Y este es el pasado de Benji.
Lestat de Lioncourt
La arena, dorada y cálida, se hundía
bajo las patas del dromedario. Este avanzaba demasiado lento, como si
fuese una tortura levantar cada pezuña del suelo y volverla a
colocar. El sol brillaba fuertemente en el horizonte y calentaba
demasiado. Era como una enorme bombilla de demasiados vatios y sentía
que derretía su cabeza. El vaivén del movimiento del animal se
sumaba al mareo por la fatiga debido al cansancio, el sol y la escasa
hidratación. Las carpas de enormes telas marrones se difuminaban por
momentos, pero parecían cercanas. Una cálida brisa, como si fuese
una bocanada de aire proveniente del infierno, golpeó su rostro y
movió los caireles negros de su alborotada cabeza azabache. Sus ojos
rasgados estaban delineados con una tinta oscura pegajosa, parecida a
los caros cosméticos de las estrellas del celuloide, usada evitar la
arena. Poseía una mirada vacía carente de cualquier emoción,
aunque en realidad sólo se estaba desplomando.
Su padre lo elevó de su asiento y lo
transportó dentro. Allí le mojó la cabeza sin mucho cuidado con un
cántaro, lo despojó de su ropa oscura y le puso una túnica blanca.

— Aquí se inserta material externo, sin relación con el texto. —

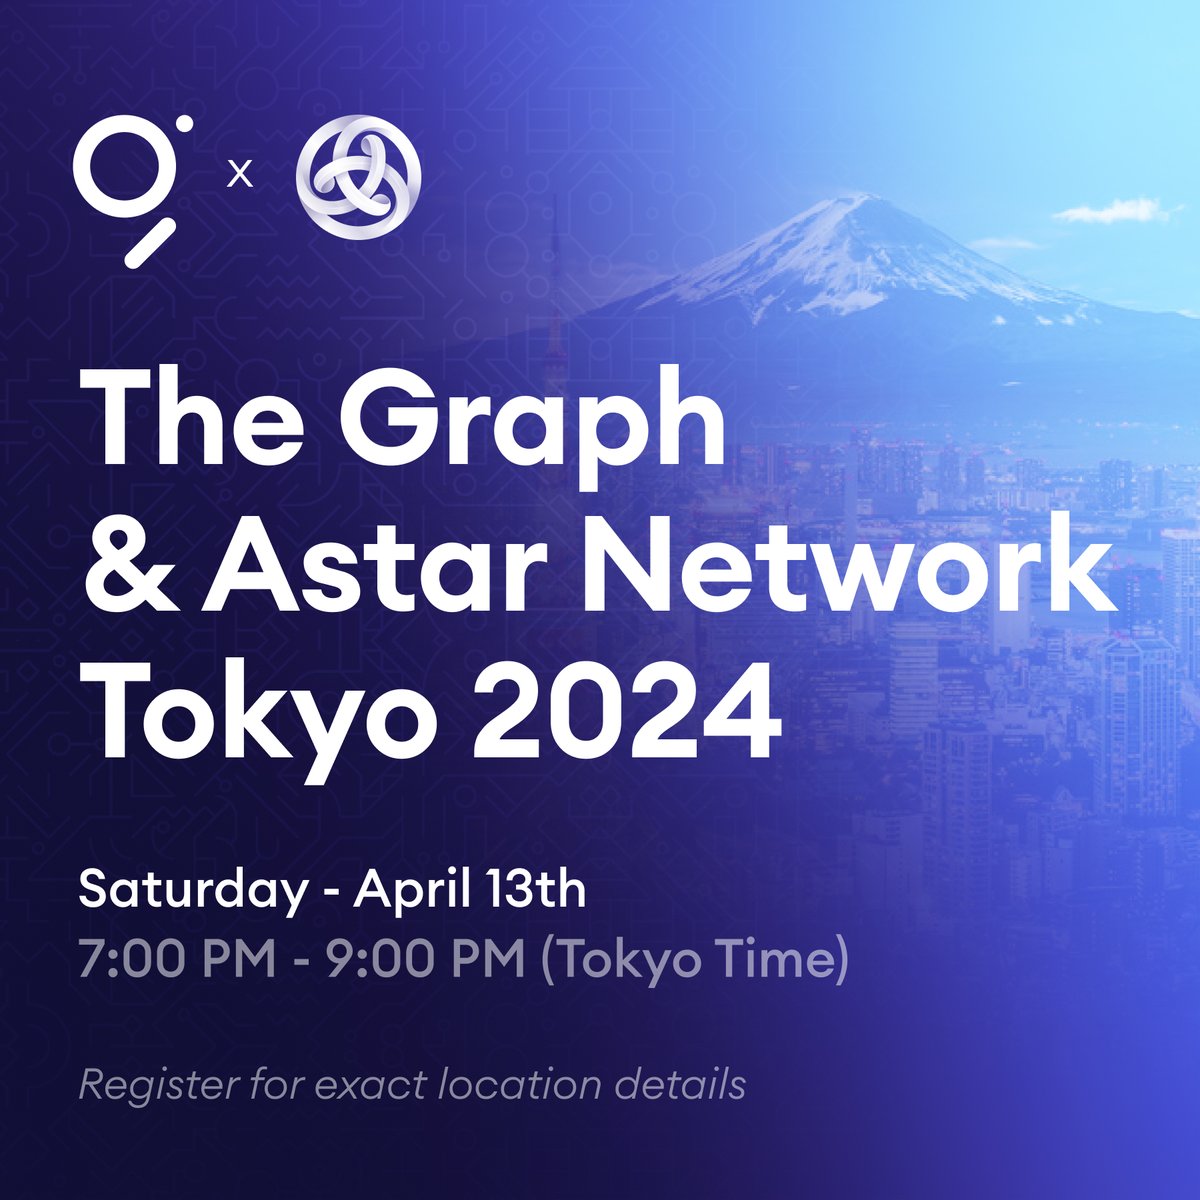 📣 Don't miss this! Join members of The Graph & @AstarNetwork communities for the official side event of @teamz_inc’s Web3/AI Summit in Tokyo 🇯🇵 📅 Sat., April 13th (7pm-9pm) Come meet community leaders & celebrate web3 innovation! Details 🔽 lu.ma/thegraphtokyo

Después lo echó sobre la alfombra que cubría parte de la choza
hecha de lonas y lo dejó descansar. Su madre no estaba, tampoco el
resto de sus hermanos. No sabía porqué habían dejado su
emplazamiento en plena madrugada para recorrer kilómetros hacia el
oeste. Se suponía que iban a permanecer en el poblado un tiempo,
pero su padre decidió que debían irse.
Escuchaba a lo lejos el ruido de una
conversación en inglés. No era un idioma que él manejase. Levantó
la cabeza como pudo, pues aún se encontraba algo mareado, y observó
al hombre con quien discutía su padre. Parecían estar acordando la
venta de algún animal. Hablaban de dólares y los dólares eran esas
cosas cuadradas de papel con las cuales se compraba leche, ropa,
calzado, arroz o medicinas. Su madre estaba enferma por culpa del
último parto. Necesitaban esos dólares.
Entonces se desplomó y al abrir los
ojos regresó a la realidad. Estaba en medio de un bullicioso tráfico
y aquel sueño, ese recuerdo lejano, parecía ser de otra persona. Se
llevó el cigarrillo a los labios, le dio una calada e intentó
tranquilizar su corazón. Ahora sabía inglés y comprendía la
conversación. Su padre exigía un buen trato para él, ya que el
extranjero decía que estudiaría lenguas y aprendería un oficio. A
cambio de su servicio el niño comería, sería atendido con buenas
medicinas y tendría una vida digna que él no le podría dar. Si
bien, lo entregaba a cambio de unos cuantos cientos de dólares, los
cuales eran una miseria a decir verdad, para poder comprar medicinas
y comida durante un buen tiempo. El hombre a quien lo vendió se
llamaba Fox y jamás lo trató bien, lo alimentaba lo suficiente para
no morir y las prendas eran las que a veces donaban en una iglesia
por caridad cristiana.
Tenía ahora casi doce años, era alto,
y de complexión fuerte. Sin embargo, cuando fue agarrado por ese
indeseable sólo contaba con ocho y tenía las carnes demasiado
débiles. Hizo de él un esclavo de manos hábiles para robar
carteras, de dulce rostro angelical para cautivar a los camellos que
comercializaban sus drogas y la puta más barata para momentos
ocasionales. Dolía. Su vida dolía. Su infancia le había sido
arrebatada, pero en ese momento se sintió consolado. Quería creer
que su madre fue salvada y que sus hermanos seguían vivos gracias a
él.
—Algo es algo—dijo mirando la
ceniza que se desprendía de su cigarrillo—. Pero hasta mi Dios
parece haberse olvidado de mí... ¿lo habrá hecho mi madre?—murmuró
alzando la vista al cielo donde no había un sol calentando su
rostro, sino una nube de contaminación ocultando las estrellas.
Unas noches más tarde Fox estaría
muerto. Armand haría entrada en su vida.